■ **Given data**:

--------------------------------------------------

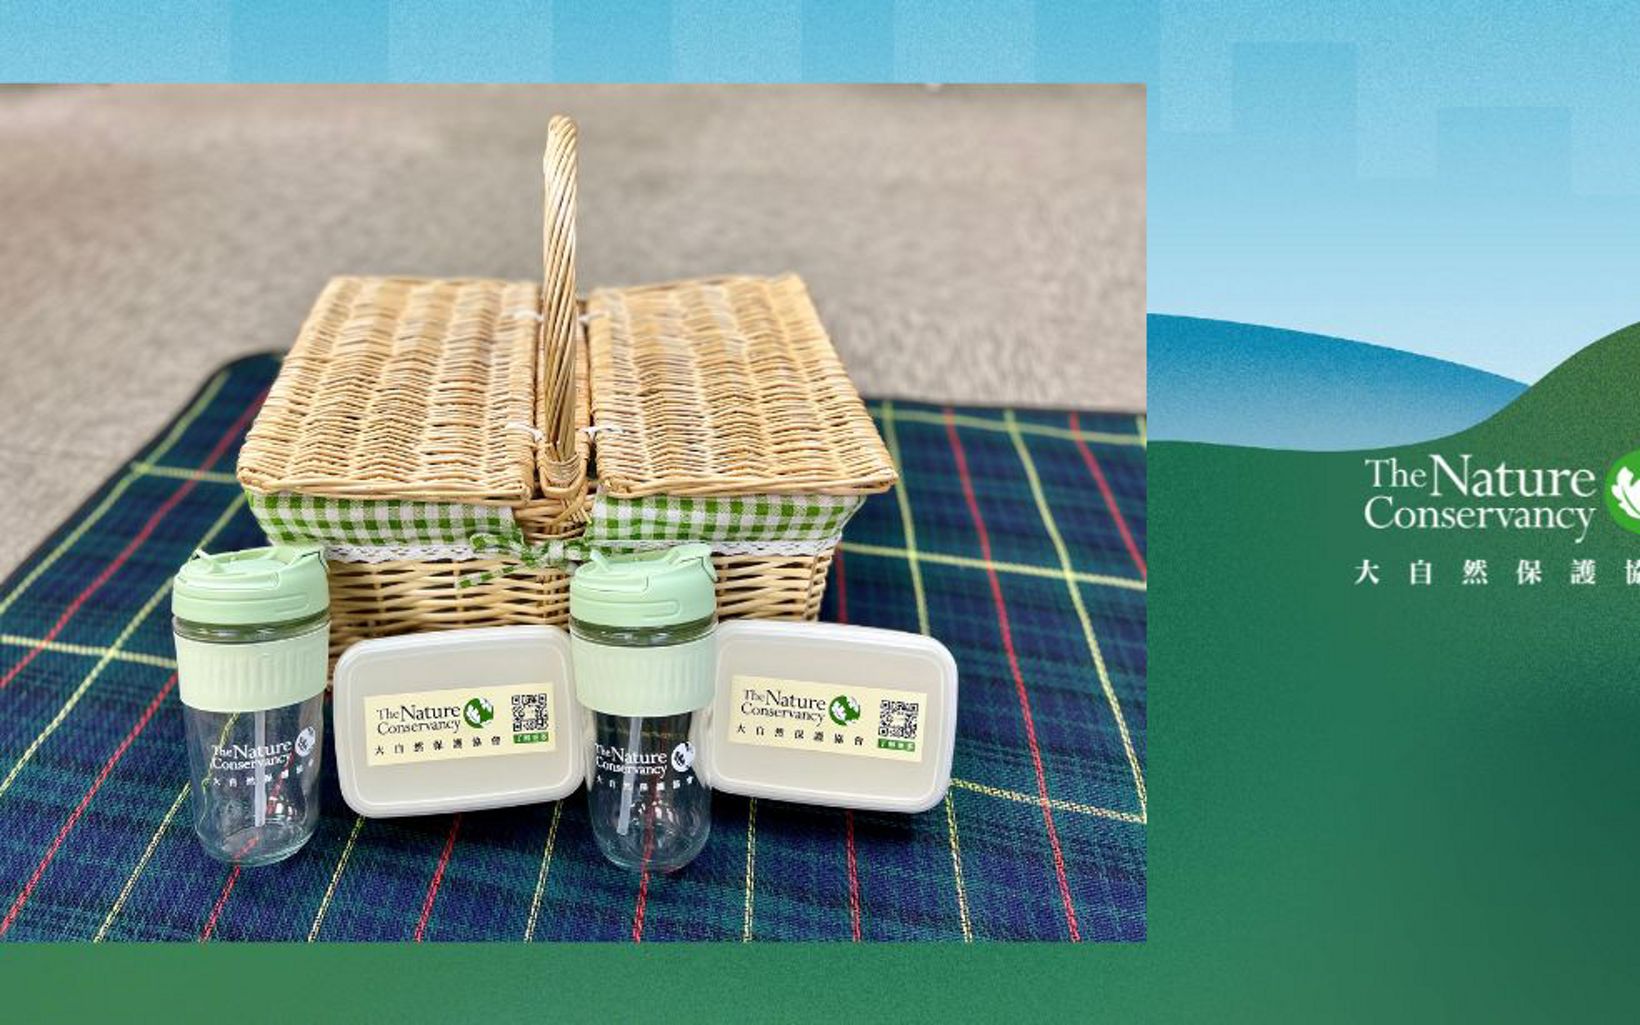 
                
                  TNC picnic set with mat 野餐套裝包括小食、飲品、可重用餐具與2人野餐墊
                  © Alison Hui / TNC
                
              
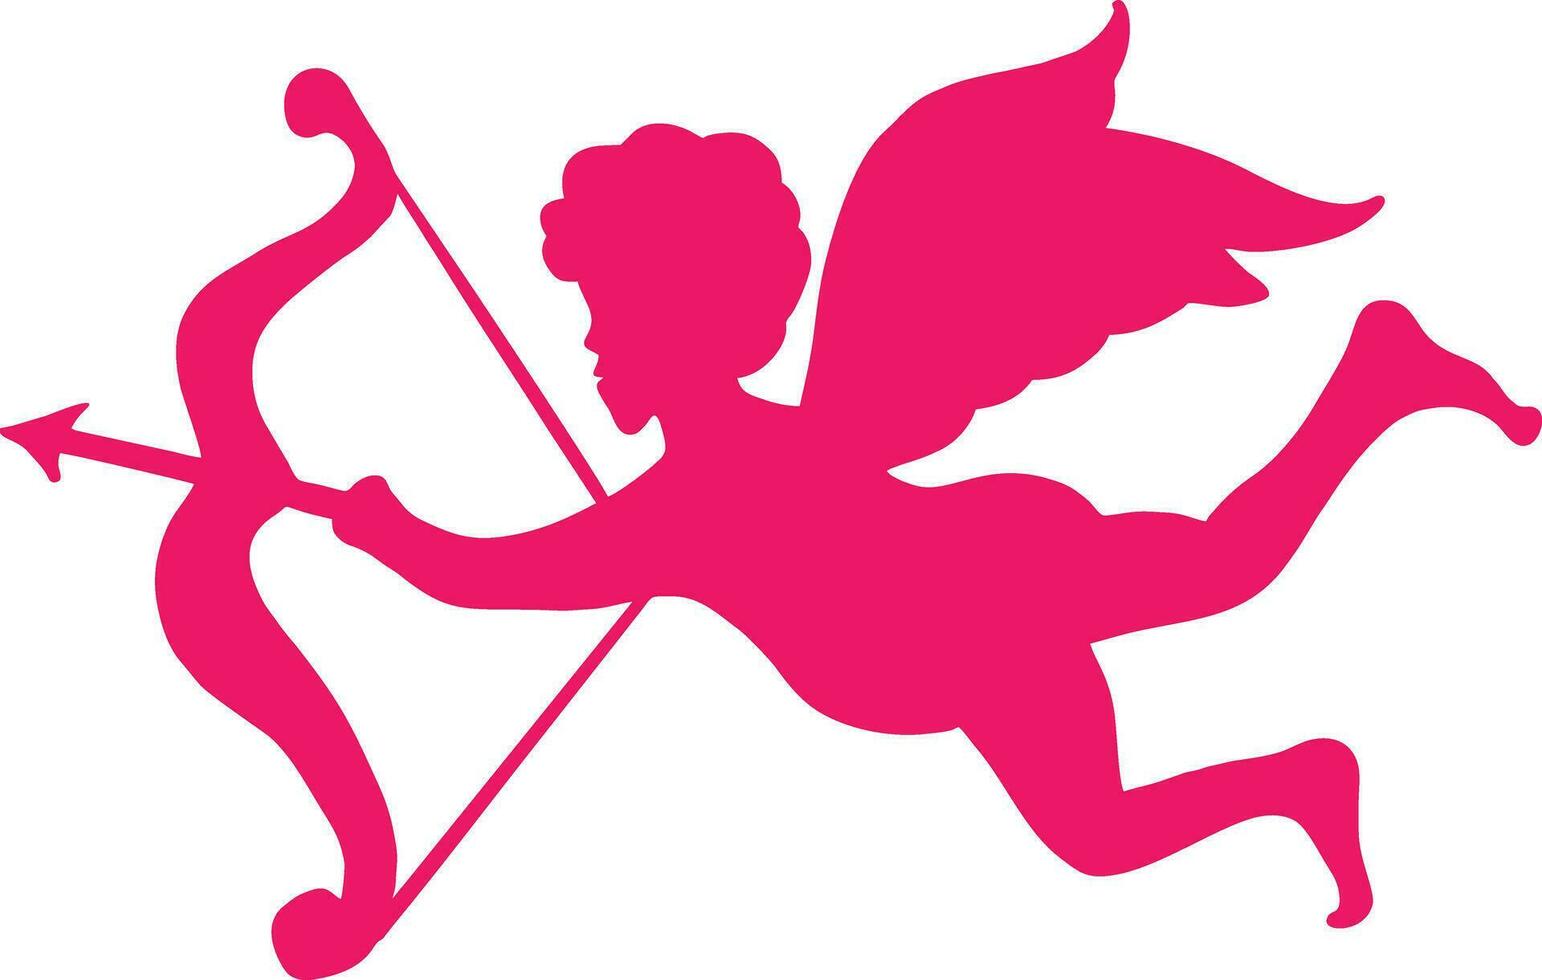 Cupidon silhouette vecteur illustration
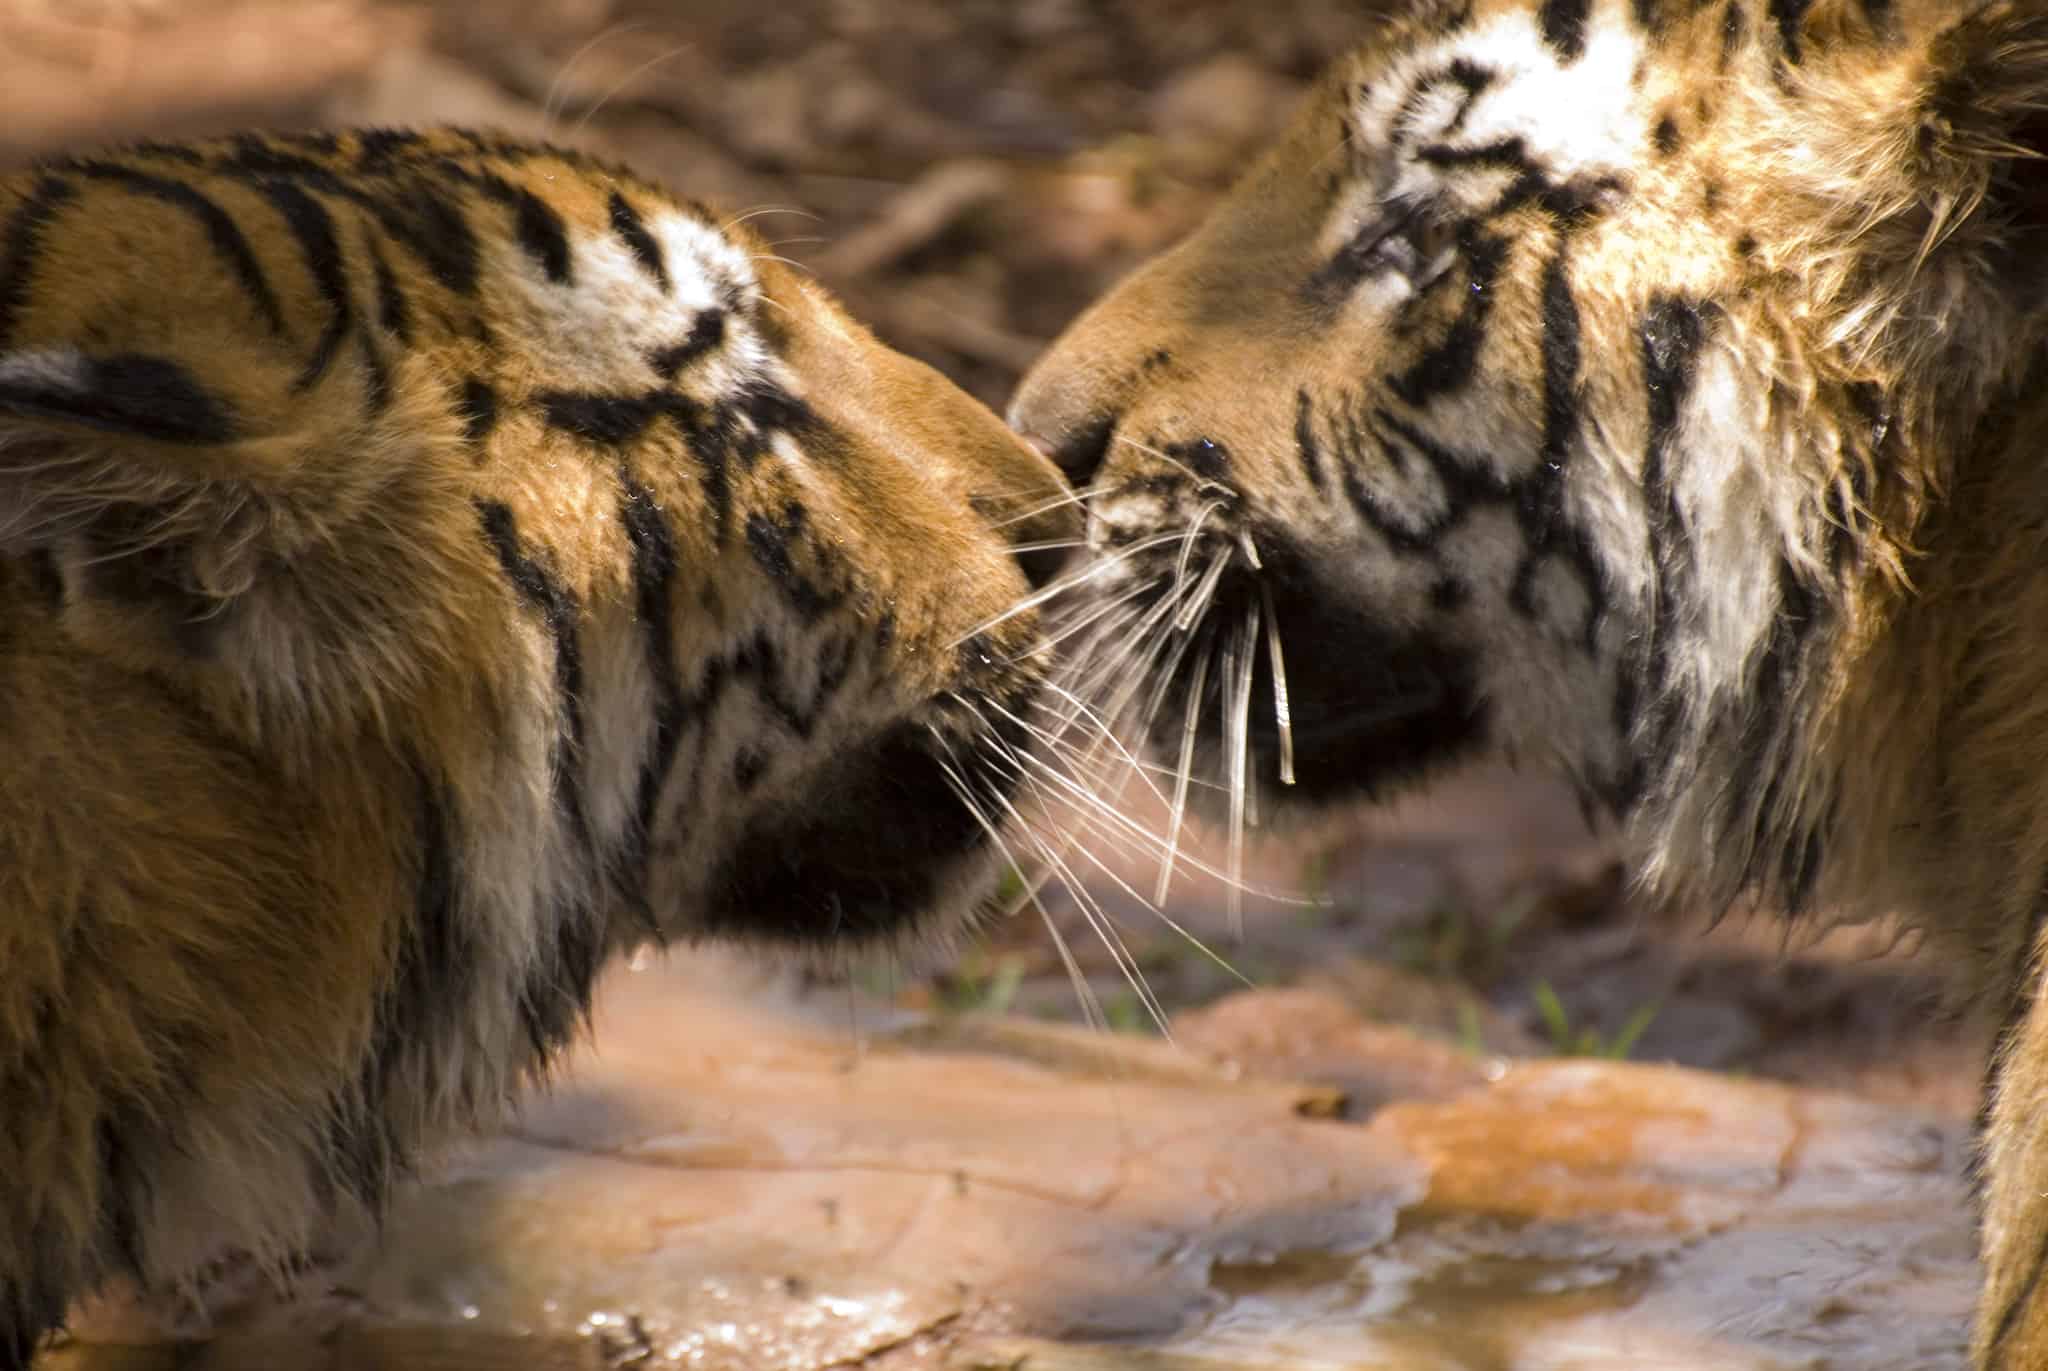 Two Bengal tigers, Karnataka, India

--------------------------------------------------

■ **Work required**: Return all of the lines above without alteration, minus the pictures.

■ **Result**:
                  TNC picnic set with mat 野餐套裝包括小食、飲品、可重用餐具與2人野餐墊
                  © Alison Hui / TNC
                
              
 Cupidon silhouette vecteur illustration
 Two Bengal tigers, Karnataka, India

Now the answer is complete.